さて、どうして彼はこんなに北海道贔屓になってしまったのだろう? 彼の御母堂様はしばしばデパートの「北海道博覧会」で道内名産品をお求めになると聞いたことがあるので、遺伝・成長環境の影響も大きいのかもしれないが、彼は「北海道ノート'98」にこう書いている。
僕にとって、北海道はあこがれの地だった。旅行好きのくせに、初めての北海道は4年前、大学生になってからだった。しかも、わずか3泊4日。そして2度めの、つまり今回の旅行計画をたてるまでに、3年もかかってしまった。
これは、僕の心の中の北海道が神聖な地であるからに他ならない。そんな土地にしょっちゅう行くことは許されないからだ。だが、そうは言っても行きたいものは行きたい。理屈抜きにして行きたい。
…それ以来毎年欠かさず「聖地巡礼」してきた彼。いや、2001年に至っては4度もの渡道を果たしているのだ。最初のうちこそ「神聖な土地にしょっちゅう行くのは許されない」というような書きっぷりだが、そんな初志を忘れてしまったのか、それとも「理屈抜きにして行きたい」という引用後段の境地に至ったか…彼の師たる御釈迦様は「琴は糸を張りすぎれば切れ、たるんでいては音がよくない」と極端を戒め中道を行くのがよいと説いたというが、去年の彼は罰が当たるのでは、と心配になるほど北海道漬けだったわけだ。
そして2000年のまえがき。
2度や3度行ったところで、北海道を理解したと言えるのだろうか?・・・と、ゴタクを並べるとキリがない。行きたいから行く。これで十分なのではなかろうか。そう、僕は「行きたいから」という理由で、北海道に行くのである。

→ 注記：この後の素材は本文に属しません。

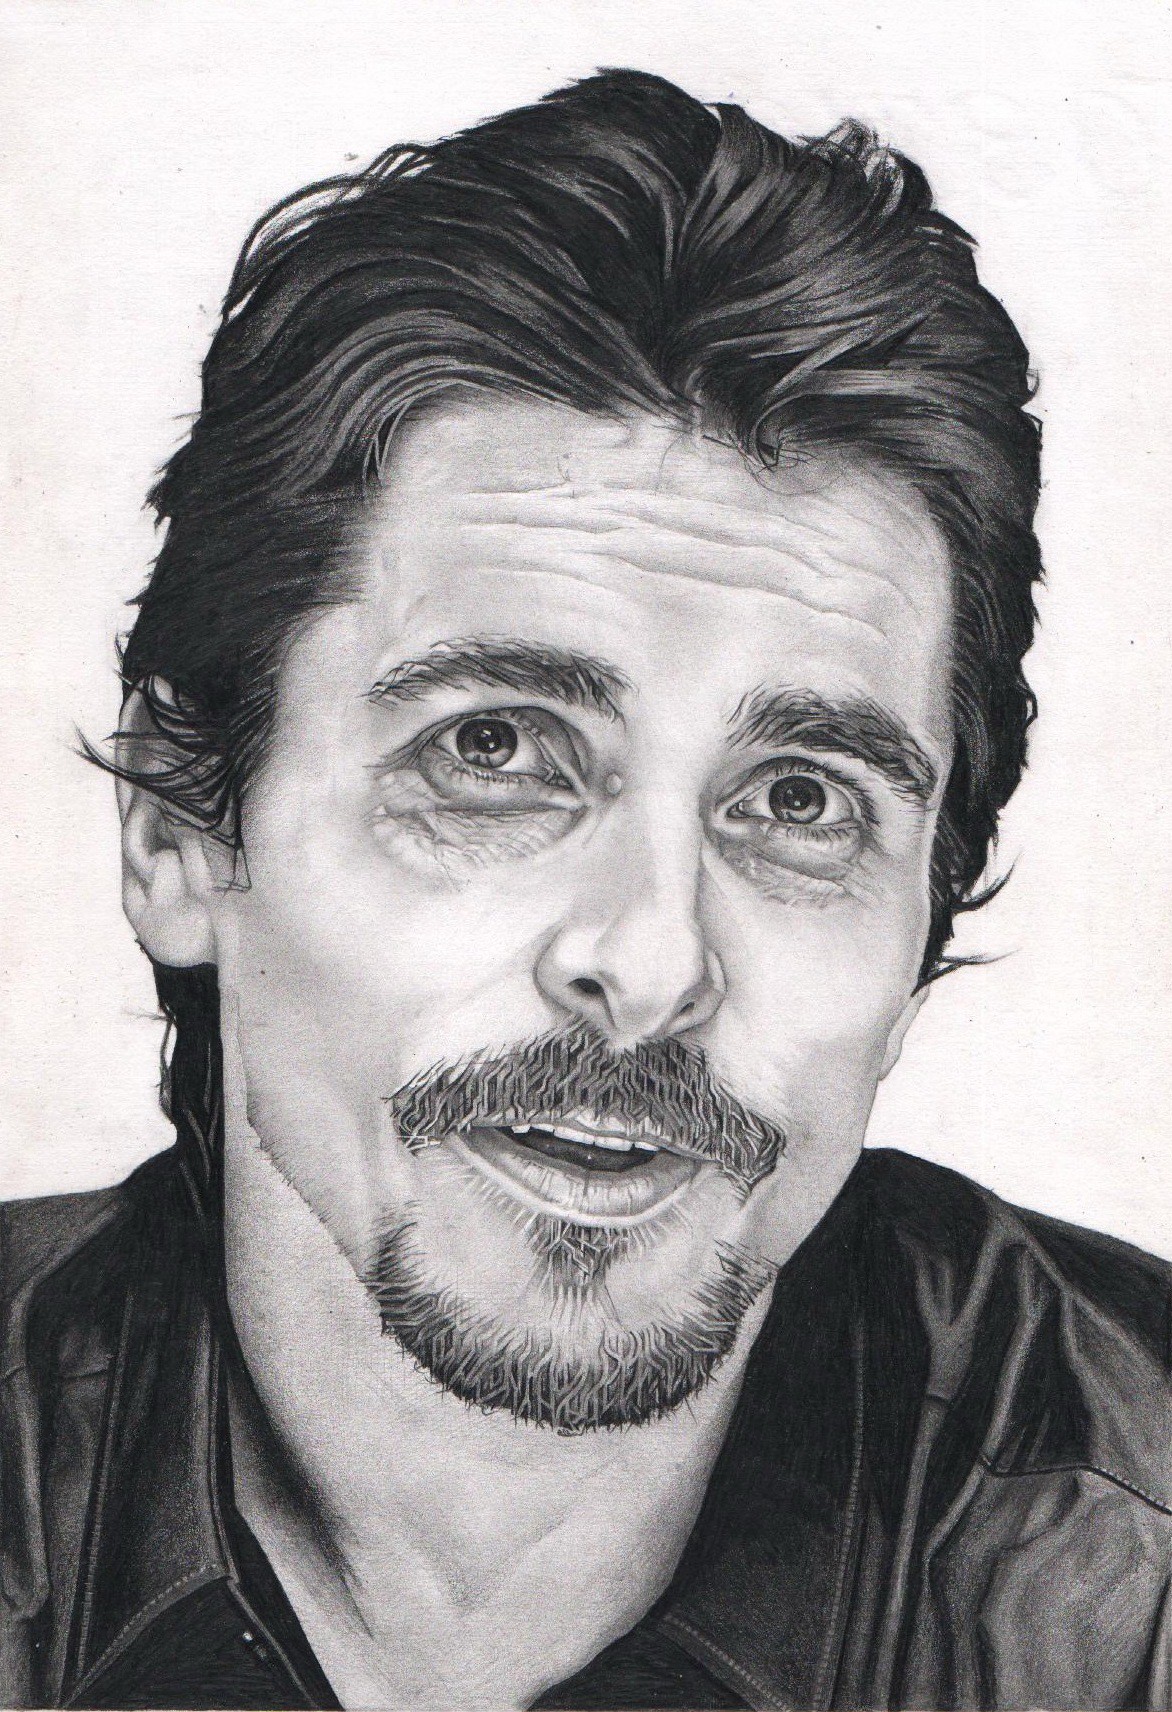 Christian Bale Drawing Image - Drawing Skill

言うに事欠いてこの有様、と捉えるか、まさにこれこそ真髄、と捉えるかを議論し始めたらきりがないが、そうして何度も北海道を訪れるたびに、彼は「神聖な地」の森羅万象を一層強く感じ、信仰を深めてきたように見えてならない。だから、わたしにはただひとつ「愛することに理屈は要らない。そして愛し続ける限り愛は育ち続ける」としか申し上げられない。
こんなにまでに愛した北海道と、彼は「北海道ノート」終了をもって訣別するつもりなのだろうか? それは絶対にできないはずである。彼がこれっきり北海道に行かないわけはないし、行けばまた必ず何か見聞きし、体験し、それを書き残すに違いないとタカをくくっている。
私事ながら、この春わたしは4年ぶりに東京に舞い戻ってきたのだが、彼が「連載(!)」を終えると聞き、わたしが転居したばかりに彼の足場が奪われたからではないかとさえ思ったものだ。わたしはまだ、「書くのが苦痛になる前にやめようと思ってさ」と笑う彼の知らない北海道の姿をいくつか知っているし、もちろん住んでいたわたしですら知らない北海道がまだあるだろう。わたし自身、彼にそれを見せてやる前に東京に戻ってきたことを心苦しくさえ感じている。
この場を「つづく」と締めくくったら「もう書かないってば」と叱られるかもしれないが、彼のその目は笑っているに違いない。そう遠くない将来、彼は自らの愛を確かめるために再び津軽海峡を渡ることになるだろう。何しろ筋金入りの北海道好きなのだから。